Adjusted EBITDA is a “non-GAAP financial measure” and should not be considered a substitute for net income, cash flow from operating activities and other operations or cash flow statement data prepared in accordance with accounting principles generally accepted in the United States or as a measure of profitability or liquidity. Adjusted EBITDA is presented to provide additional information with respect to the Company’s ability to satisfy its obligations including debt service, capital expenditures, working capital requirements and determination of dividends. While Adjusted EBITDA is frequently used as a measure of operating results and the ability to meet debt service requirements, the definition of Adjusted EBITDA used here may not be comparable to that used by other companies due to differences in methods of calculation.
Adjusted Net Income represents net income plus unamortized write-off of financing costs and unrealized loss from swap transaction, which are non-cash items. Adjusted Earnings per Share (diluted) represents Adjusted Net Income divided by weighted average shares outstanding (diluted). These measures are “non-GAAP financial measure” and should not be considered substitutes for net income or earnings per share (diluted), respectively, as reported under GAAP. The Company has included an adjusted net income and adjusted earnings per share calculation in this period in order to allow comparability between the Company’s performance in the reported periods and its performance in prior periods.

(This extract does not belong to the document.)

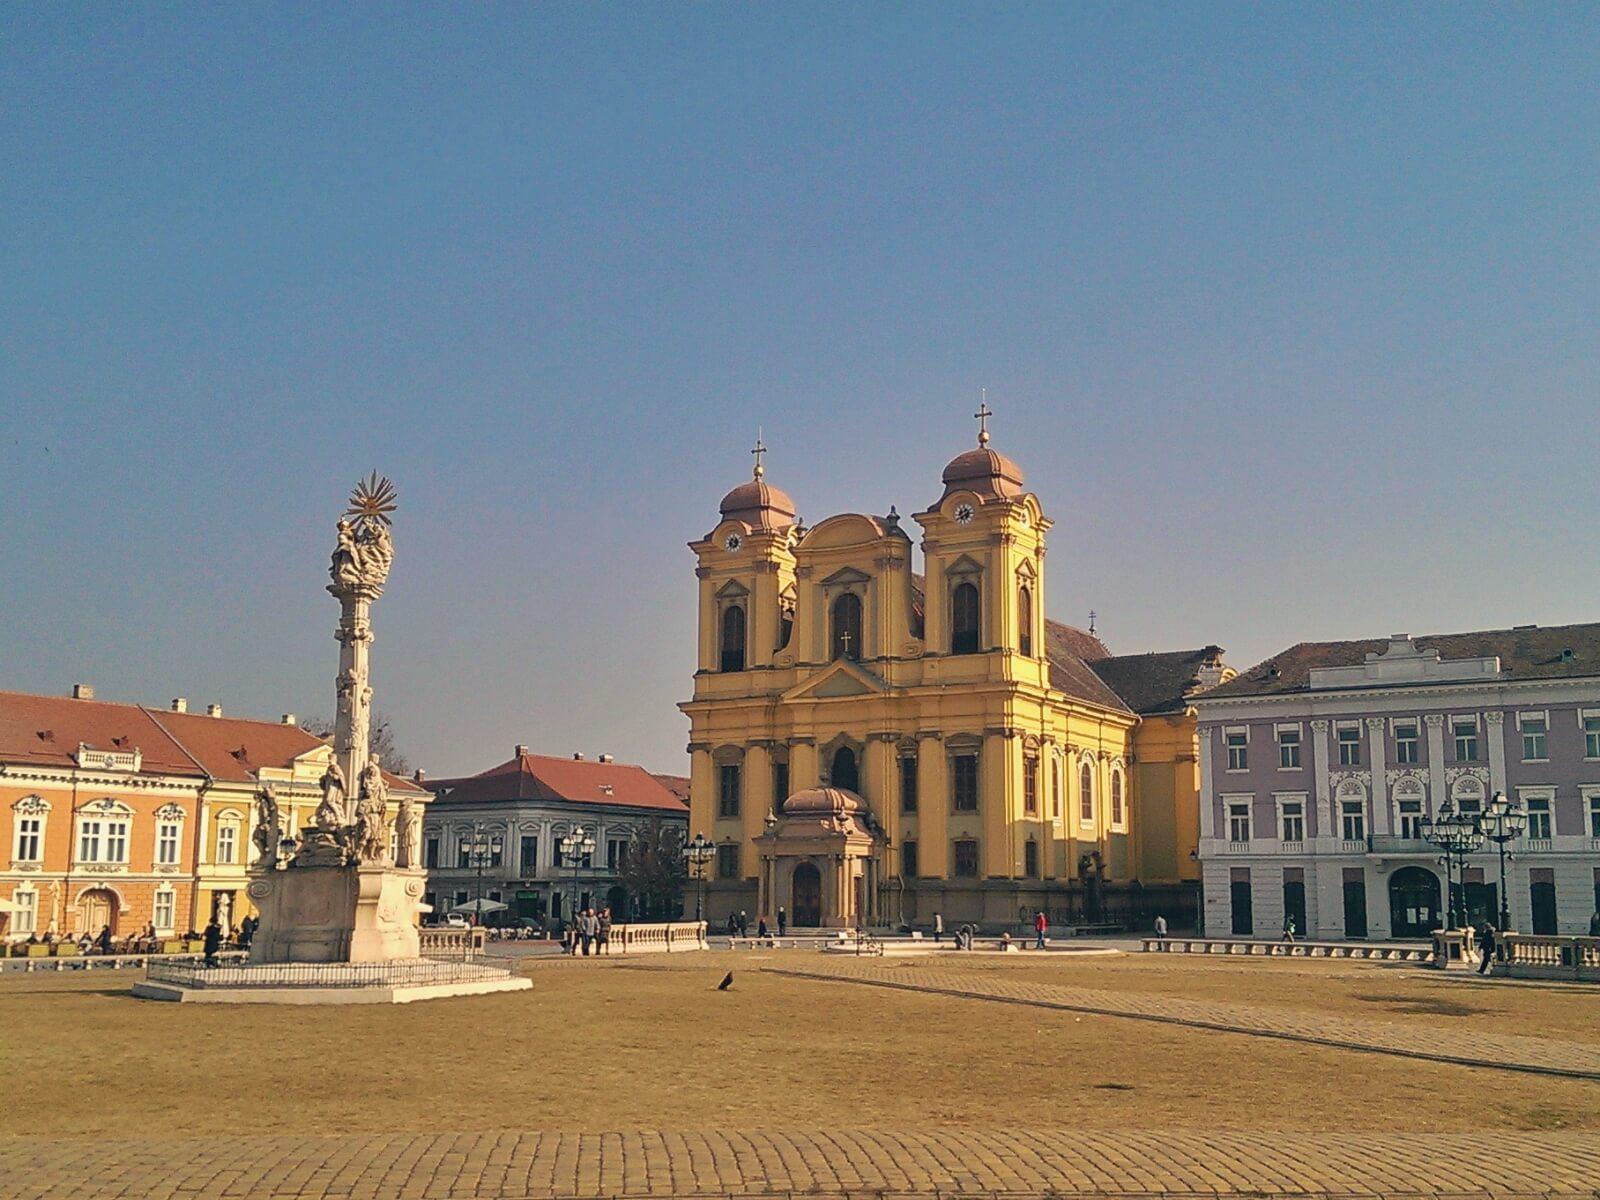 Katedra w Timisoarze w Rumunii.

ABOUT QUINTANA MARITIME LIMITED
Quintana Maritime Limited, based in Greece, is an international provider of dry bulk cargo marine transportation services. As of today, the company owns and operates a fleet of 20 vessels, which consisting of 8 Kamsarmax bulker, 10 Panamax size vessels and 2 Capesize vessels with a total carrying capacity of 1,726,652 dwt and an average age of 4.7 years on a dwt weighted average. It has also entered into an agreement to take delivery of 7 additional vessels, comprising of 1 Panamax and 6 Kamsarmax bulkers with expected delivery between November 2006 and May 2007 and with an aggregate capacity of 570,229 dwt. Once all acquisitions are completed Quintana will have a fleet of 27 dry bulk vessels which consists of 2 Capesize vessels, 11 Panamax vessels and 14 Kamsarmax vessels with a total capacity of 2,296,881 dwt.
Forward Looking Statement
This press release contains forward-looking statements (as defined in Section 27A of the Securities Act of 1933, as amended, and Section 21E of the Securities Exchange Act of 1934, as amended) concerning future events and the Company’s growth strategy and measures to implement such strategy; including expected vessel acquisitions and entering into further time charters. Words such as “expects,” “intends,” “plans,” “believes,” “anticipates,” “hopes,” “estimates,” and variations of such words and similar expressions are intended to identify forward-looking statements. Such statements include comments regarding expected revenues and time charters. Although the Company believes that the expectations reflected in such forward-looking statements are reasonable, no assurance can be given that such expectations will prove to have been correct. These statements involve known and unknown risks and are based upon a number of assumptions and estimates which are inherently subject to significant uncertainties and contingencies, many of which are beyond the control of the Company. Actual results may differ materially from those expressed or implied by such forward-looking statements. Factors that could cause actual results to differ materially include, but are not limited to changes in the demand for dry bulk vessels, competitive factors in the market in which the Company operates; risks associated with operations outside the United States; and other factors listed from time to time in the Company’s filings with the Securities and Exchange Commission. The Company expressly disclaims any obligations or undertaking to release publicly any updates or revisions to any forward-looking statements contained herein to reflect any change in the Company’s expectations with respect thereto or any change in events, conditions or circumstances on which any statement is based.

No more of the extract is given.